…a mere 36…

I had never given much thought to tuberculosis before coming to Mokhotlong. While it is indeed a lingering threat in the United States, it often flies under the radar. Out of sight, out of mind, I suppose.

Here, TB is a large enough problem that it is front and center in most medical providers’ minds, right up there with HIV and malnutrition. It is also a common threat to our young clients’ health, whether they are infected themselves or someone else in their household is infected. Small, smokey, one-room rondavals in which everyone in the family sleeps and breaths and coughs together aren’t exactly the best place to spend a night with someone with TB. There is a section of Mokhotlong Hospital next door devoted to patients with multiple-drug-resistant TB. Our outreach teams ask questions about TB history within the household each time they fill out a new client intake form and each time they perform a monthly client check up.

In the World Health Organization’s standards for defining symptomatic HIV infection, tuberculosis is considered one of only four “major signs” of infection. Co-infection of the two diseases means a dire outlook for a patient, especially in a place like Mokhotlong. Already compromised immunologically by the HIV, such patients have an extremely tough time fighting their TB and few resources to aid them in that fight.

On Wednesday morning, I happened to be in M’e Nthabeleng’s office as she was checking TTL’s email account, which is provided by our Lesotho-based Leo Internet Provider. The company has a homepage where they post country news, and the headline that popped up on Nthabeleng’s computer caught my eye.

“HIV, TB cut Lesotho life expectancy to a mere 36.”

“Woooh!” Nthabeleng said. “That is all you get in Lesotho.”

Even though I’ve become accustomed to stark and shocking statistics in this country, particularly the sky-high statistics on HIV infection among people in my own age group, the final age of 36 jumped out at me as being particularly devastating. I immediately thought of all I still want to do in life – I’m 24 – and what dying in just 12 years would mean. More important, I thought of what that statistic would mean to me if I were a Mosotho, how it would affect my ambition, my drive, my optimism, and how it would inevitably mean a long line of my loved ones would die young even if I weren’t infected myself.

Turns out the article – the original source of which I am unsure of – was posted in light of the fact that Wednesday was World TB Day. As such days are aimed at spreading awareness, I figured I would share my above thoughts on TB in Mokhotlong, as well as the article in its entirety below:

HIV, TB cut Lesotho life expectancy to a mere 36

March 24

Medical workers are increasingly concerned that the lethal combination of HIV infection and tuberculosis may become the world’s next major health crisis.

To mark World TB Day on Wednesday, Medecins Sans Frontieres drew attention to Lesotho, which has the world’s third-highest prevalence of HIV, the virus that causes AIDS, and the fourth-highest prevalence of tuberculosis. Here, poverty and violence complicate treatment in a country where life expectancy is a mere 36 years.

Michael Sidibe, head of the U.N. AIDS program, fears the double infection could become the next new epidemic.

“I’m calling for serious attention to TB, and serious attention to TB-HIV co-infection,” he said in an interview.

In this mountainous kingdom surrounded by South Africa, some patients battling HIV and tuberculosis must walk five hours to reach a clinic for their medication.

“It is a problem for us to come to the clinic because sometimes there are gangster men waiting down by the side of the river … and yes, sometimes women are raped,” said Tlalane Tsiane, a 21-year-old woman infected with TB and HIV.

Many men in Lesotho travel to South Africa to work in the mines and some return with HIV and a form of tuberculosis that is resistant to multiple antibiotics. The World Health Organization believes drug-resistant strains present a major challenge to the global effort to control the disease.

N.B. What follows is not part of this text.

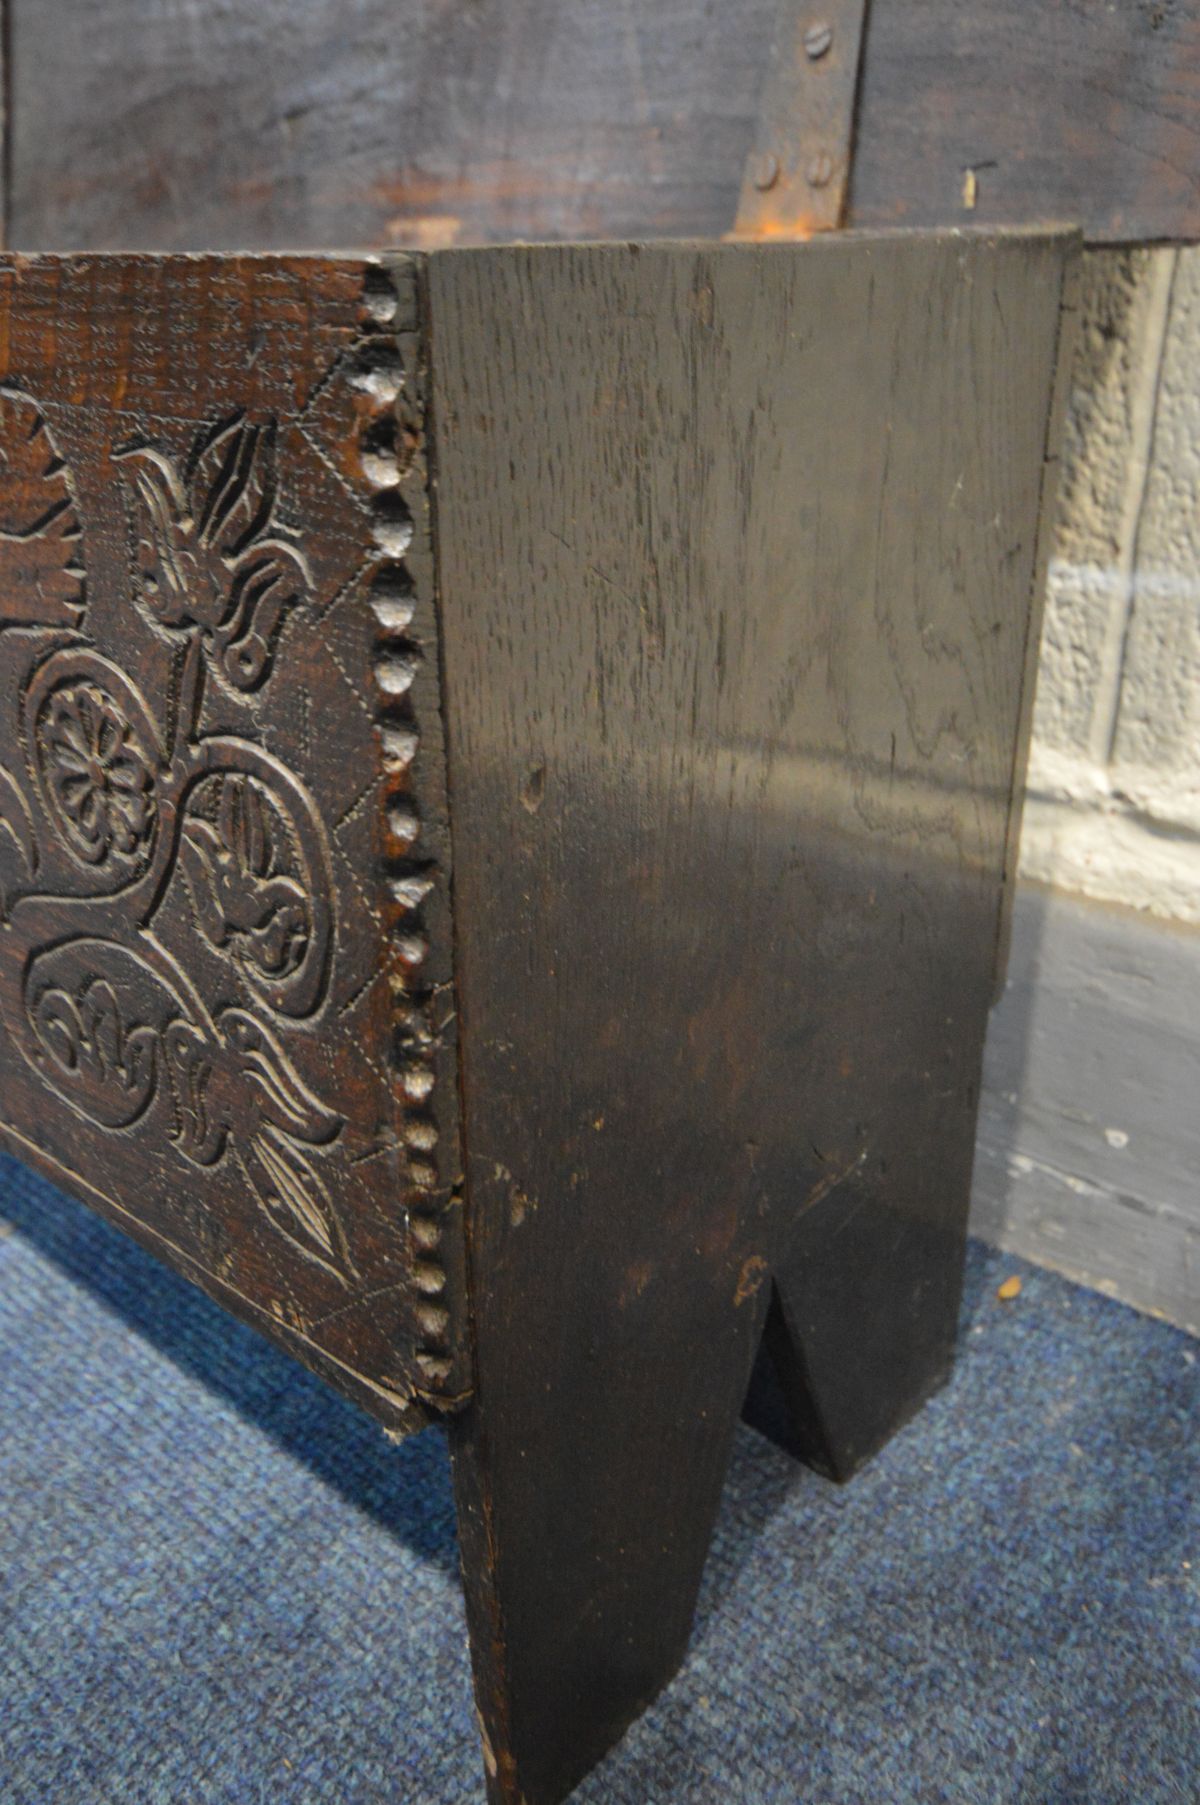 AN EARLY 18TH CENTURY OAK SIX PLANK BOARDED CHEST, with a moulded edge and iron hinged lid, and - Image 6 of 6

Helen Bygrave, a medical coordinator for Medecins Sans Frontieres, also known as Doctors Without Borders, estimated that between 80 and 90 percent of Lesotho’s TB patients are infected with HIV.

A person whose immune system is compromised by HIV is particularly susceptible to tuberculosis, which is caused by bacteria that usually attack the lungs. The disease is spread through the air when an infected person coughs or sneezes.

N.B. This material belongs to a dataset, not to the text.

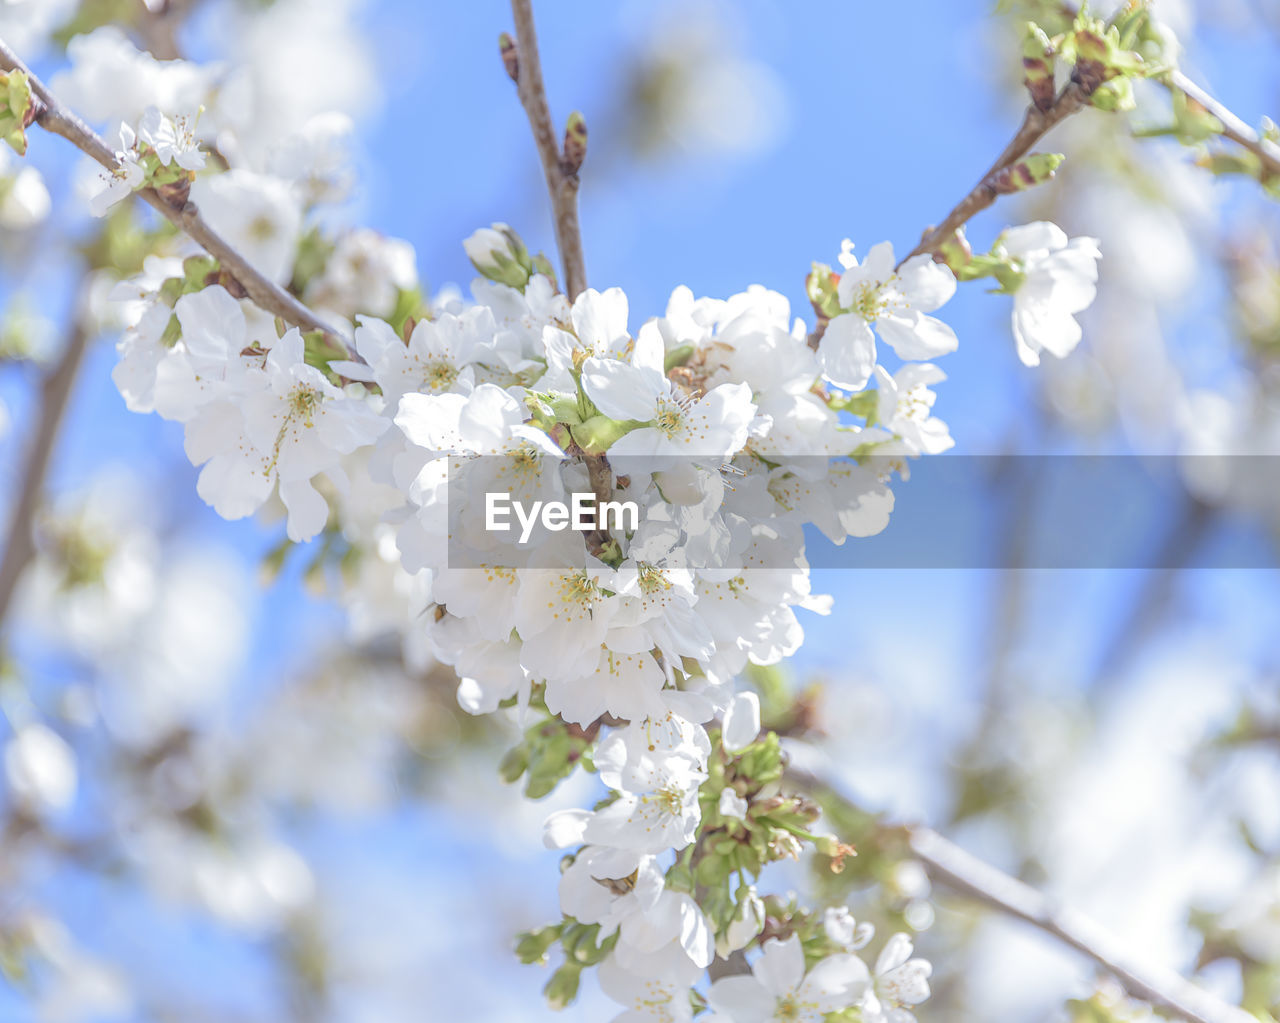 plant, flower, flowering plant, blossom, tree, springtime, fragility, freshness, beauty in nature, growth, branch, nature, produce, white, food, spring, cherry blossom, close-up, no people, flower head, fruit tree, twig, outdoors, botany, sky, day, inflorescence, fruit, focus on foreground, food and drink, petal, selective focus, low angle view, almond tree, sunlight, cherry tree, agriculture, apple tree, blue, almond

There are nearly 9 million new cases of TB worldwide and the disease kills more than 1.5 million people every year, according to the World Health Organization, even though it can be cured with a six-month course of antibiotics that costs only $20.

Sera Thoola, a retired miner of 47, believes that he contracted TB in South Africa. It is also where he first tested positive for HIV. He has multiple-drug-resistant TB, and is currently taking an average of 49 pills a day to control his diseases.

Most clinics in Lesotho were set up through partnerships between the government and international groups. In seeking ways to make the most of the scarce resources, Medicins Sans Frontieres is helping to support and run a program in which nurses are given training to take on roles doctors might have carried out. Community health workers later make sure patients are sticking to their treatment regime.